MNHS Staffer Caps Off Over Year-Long Project to Digitize 700+ Women’s Hats

Via an October 18 e-newsletter from the Minnesota Historical Society (MNHS):

While visiting one of the Minnesota Historical Society’s 26 historic sites, you’ll only get a glimpse of a small percentage of the history that MNHS collects for the state of Minnesota. Beneath the Minnesota History Center, MNHS houses hundreds of thousands of items: everything from furniture to maps to historic papers and fashion.

Staff is constantly at work to digitize collections and make them available online to the public. In early 2017, Stephanie Olson, collections associate, noticed a gap in online collections: women’s fashion hats. MNHS has a collection of more than 700 women’s hats, but the public could only explore about 12 percent of that on mnhs.org

So in May 2017, Olson began a project to review and digitize the full collection. In addition to photographing hats as they were worn, she also researched designers, different eras of hat fashion and other information to create robust records documenting the history and style of each hat. 

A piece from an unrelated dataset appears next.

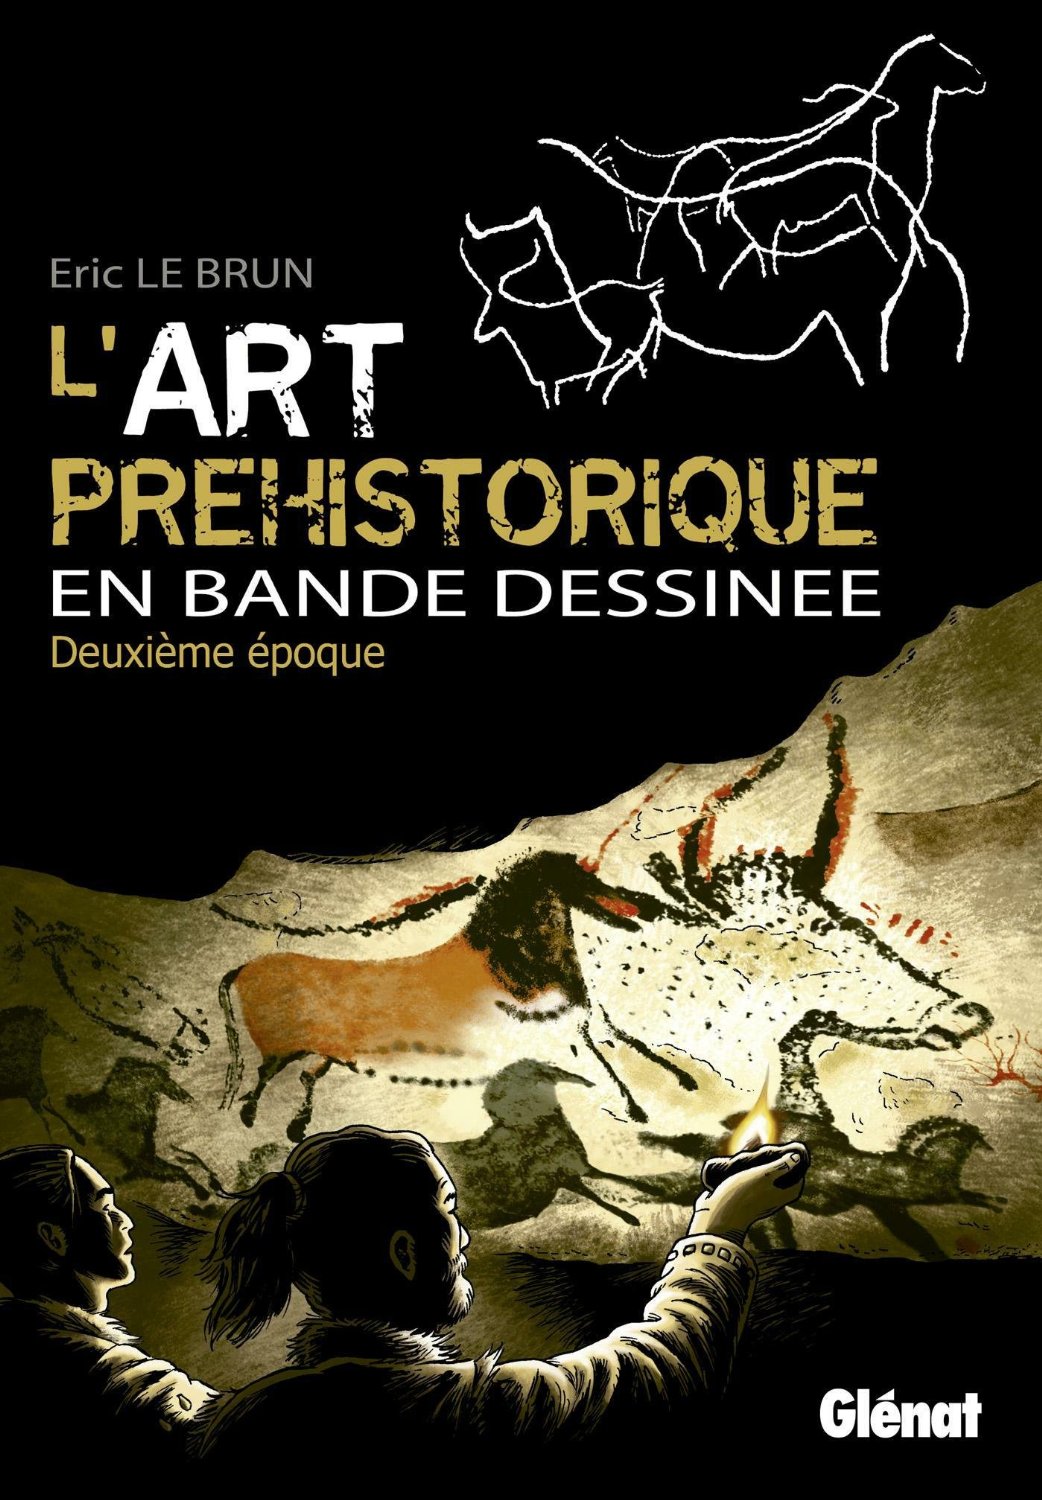 L'art préhistorique en bande dessinée. Deuxième époque, 2013, 80 p.
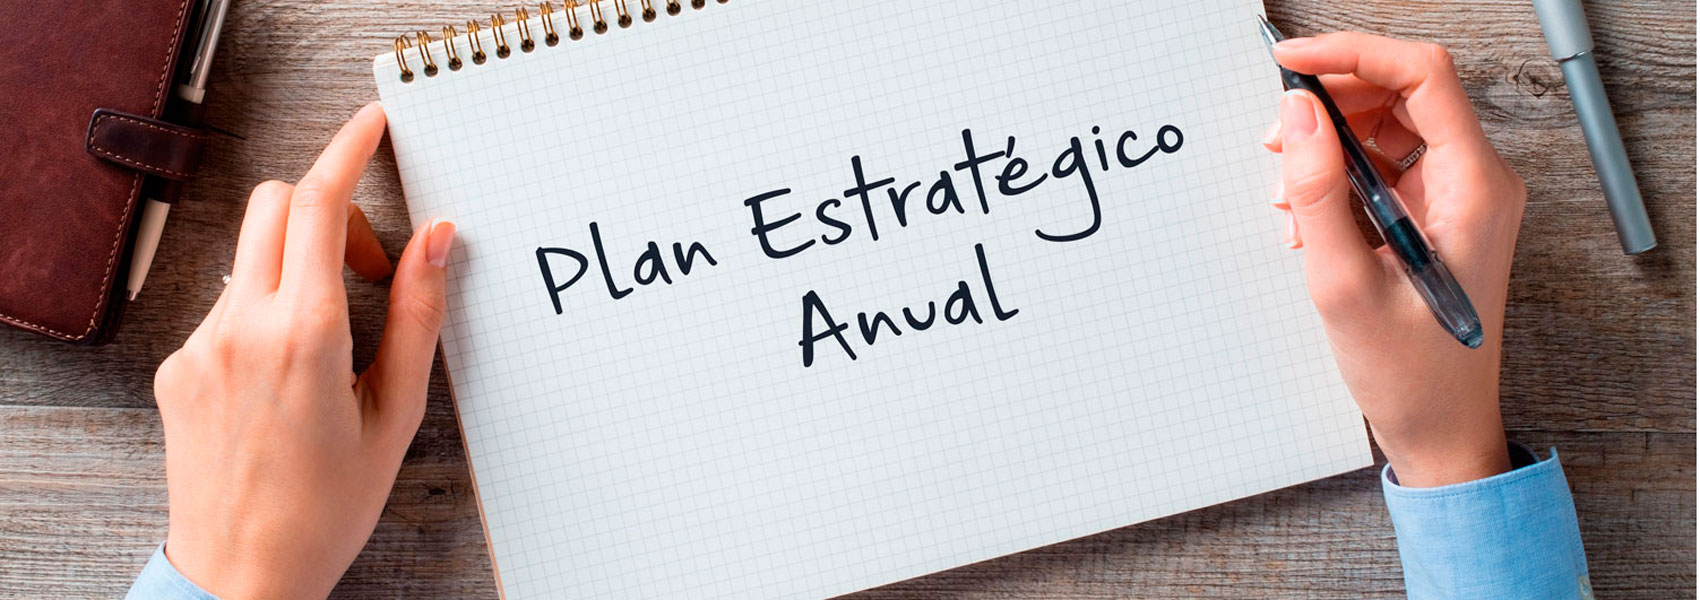 Plan Estratégico

Olson learned a great deal about women’s fashion history in her work. “The oldest hats we have are from the 1860s, which mirrors women’s fashion trends. Before then, women wore more bonnets,” she said. “The majority of the collection dates from about 1910 to 1950. From the 1960s onward, hats were falling out of fashion, but we do have several from the 21st century.” 

The collection varies from everyday straw and felt hats to more elaborate numbers made of velvet, silk or lace with feathers, beads and even stuffed hummingbirds. The largest one is a Merry Widow-style hat from about 1909 that spans a staggering 22-inches wide. 

Olson completed her work in September 2018, digitizing a total of 717 hats which are now available to view online. 

Her next digitization project? Clothing from national and international designers. “Some people are surprised to learn how fashion forward Minnesotans have always been,” she said. 

Digitization of collections items for online access is made possible by the Legacy Amendment's Arts and Cultural Heritage Fund through the vote of Minnesotans on Nov. 4, 2008.